Nos observations sur les volets concernant l’organisation judiciaire, la procédure civile et les peines ainsi que les motifs soulevés par les parlementaires dans leurs saisines, n’ont malheureusement pas été retenus, notamment sur la fusion des tribunaux d’instance et de grande instance, ou sur la juridiction nationale des injonctions de payer.


Ce premier jour du printemps marque donc définitivement la relégation des tribunaux d’instance - héritiers des juges de paix - dans les tiroirs de l’histoire.


Quelques éclaircies pourtant : la censure de la disposition confiant à la CAF, personne morale de droit privée, la révision des prestations compensatoire et une réserve d’interprétation, dans un sens favorable à l’accès au juge, sur les modes alternatifs de règlement des litiges devenus préalables obligatoires. Le Conseil constitutionnel a aussi, pour la première fois, déduit des articles 6 et 16 de la Déclaration de 1789 un principe de publicité des audiences devant les juridictions civiles et administratives. Principe qui ne peut qu’être salué en ces temps où la justice se voit sommée de rendre ses décisions de manière écrite voire par la voie dématérialisée.


Sur le plan de la procédure pénale en revanche, retenant de nombreux arguments que nous avons développés depuis le lancement des chantiers de la justice, le Conseil constitutionnel marque véritablement un coup d’arrêt à la logique de la banalisation sans fin des procédures pénales dérogatoires et attentatoires aux libertés à l’œuvre depuis ces dix dernières années.


Il a ainsi censuré l’ensemble des dispositions qui étendent les écoutes téléphoniques dans le cadre de l’enquête préliminaire ou de flagrance aux délits punis de 3 ans d’emprisonnement. Pour mémoire, la possibilité de procéder à ces interceptions des correspondances en dehors du cadre de l’instruction avait été introduite par la loi du 9 mars 2004 et réservée au champ de la criminalité organisée. Cette disposition avait ensuite été élargie à d’autres infractions, conformément à la logique, sans cesse dénoncée par le Syndicat de la magistrature, de la pollution généralisée du droit par des dispositifs d’abord présentés comme dérogatoires et strictement réservés aux infractions les plus graves, pour être ensuite appliqués à l’ensemble des délits et crimes.


Le Conseil constitutionnel vient ici pour la première fois poser une limite au déséquilibre de la procédure pénale par une motivation sans appel : « le législateur n’a pas opéré une conciliation équilibrée entre l'objectif de valeur constitutionnelle de recherche des auteurs d'infractions et le droit au respect de la vie privée et le secret des correspondances ».
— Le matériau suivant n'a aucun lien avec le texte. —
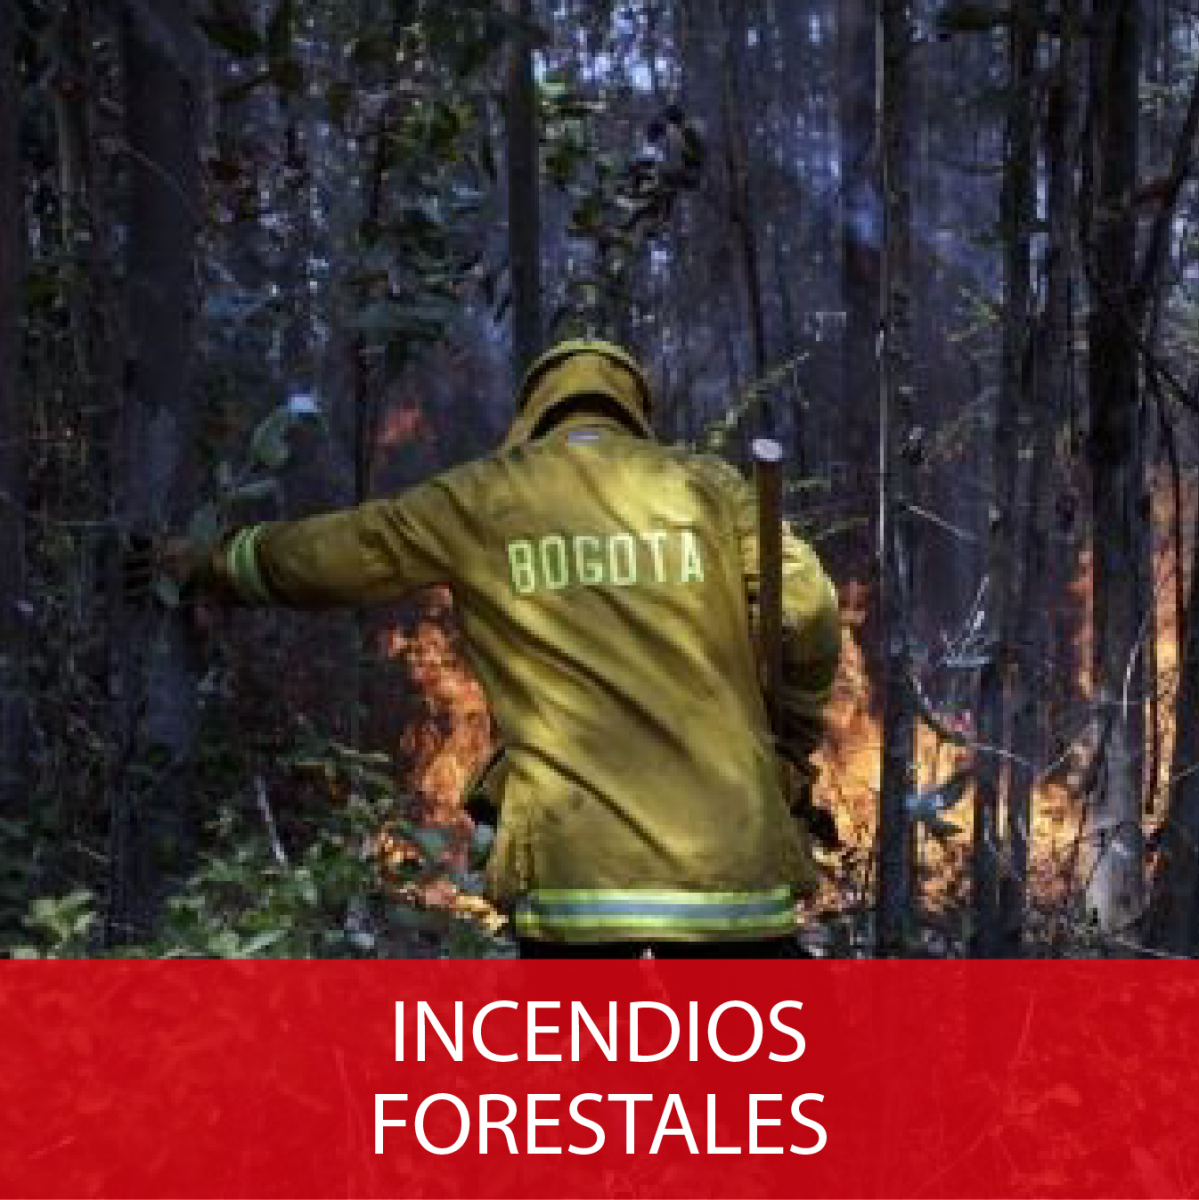 Incendios Forestales Bogotá

La même logique a conduit le Conseil constitutionnel à censurer des dispositions autorisant le recours à des techniques spéciales d'enquête, dans le cadre d'une enquête de flagrance ou préliminaire, pour tout crime, et non pour les seules infractions relevant de la criminalité et de la délinquance organisées, celles autorisant l’allongement de la durée de la flagrance ainsi que la possibilité pour les services d’enquête de faire des réquisitions sans accord du procureur de la République.


Enfin, le Conseil constitutionnel stoppe l’hémorragie en matière d’utilisation de la visio-audience en censurant la possibilité d’y recourir sans l'accord de l'intéressé pour la prolongation de la détention provisoire.
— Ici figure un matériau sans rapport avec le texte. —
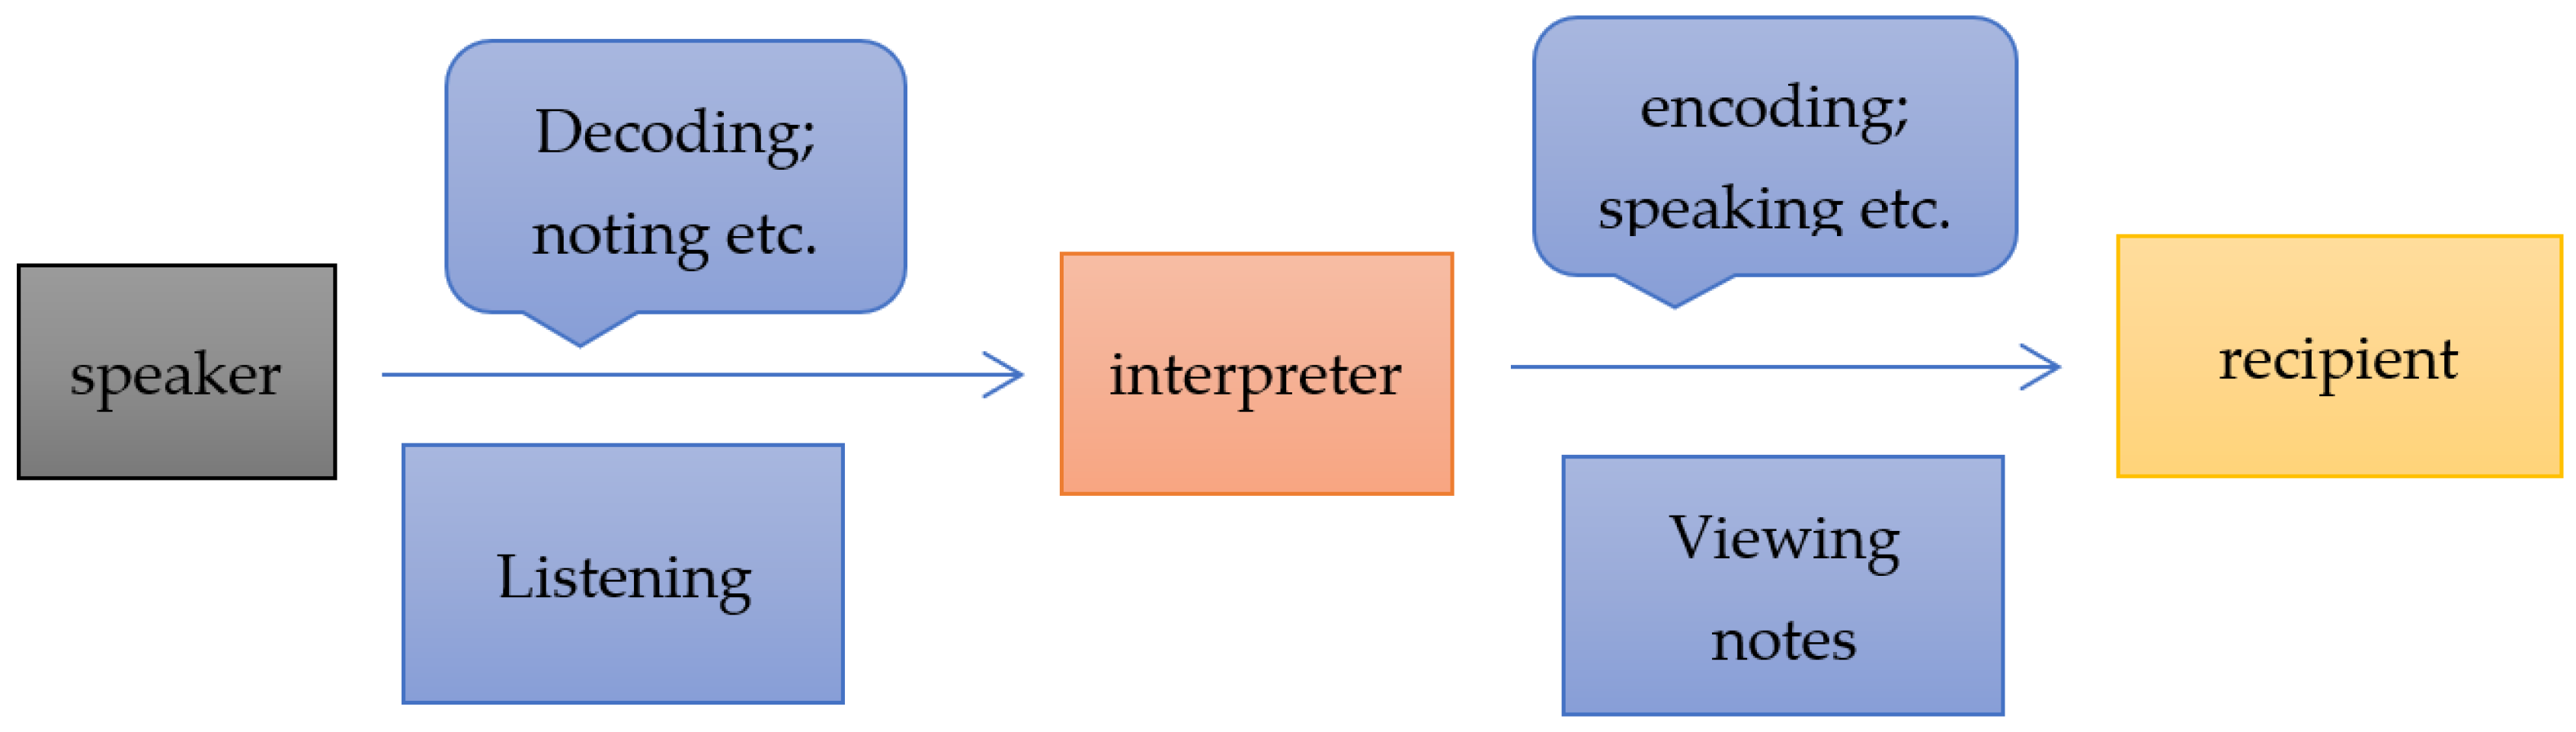 PDF) Effects of directionality on professional translators

En cette matière comme dans les autres, la décision du Conseil constitutionnel intervient dans le contexte d’une justice déjà considérablement dégradée et déshumanisée. Elle constitue cependant un revers d’ampleur pour la garde des Sceaux, qui est depuis un an demeurée sourde à nos alertes répétées sur la régression des libertés fondamentales que représentait sa réforme.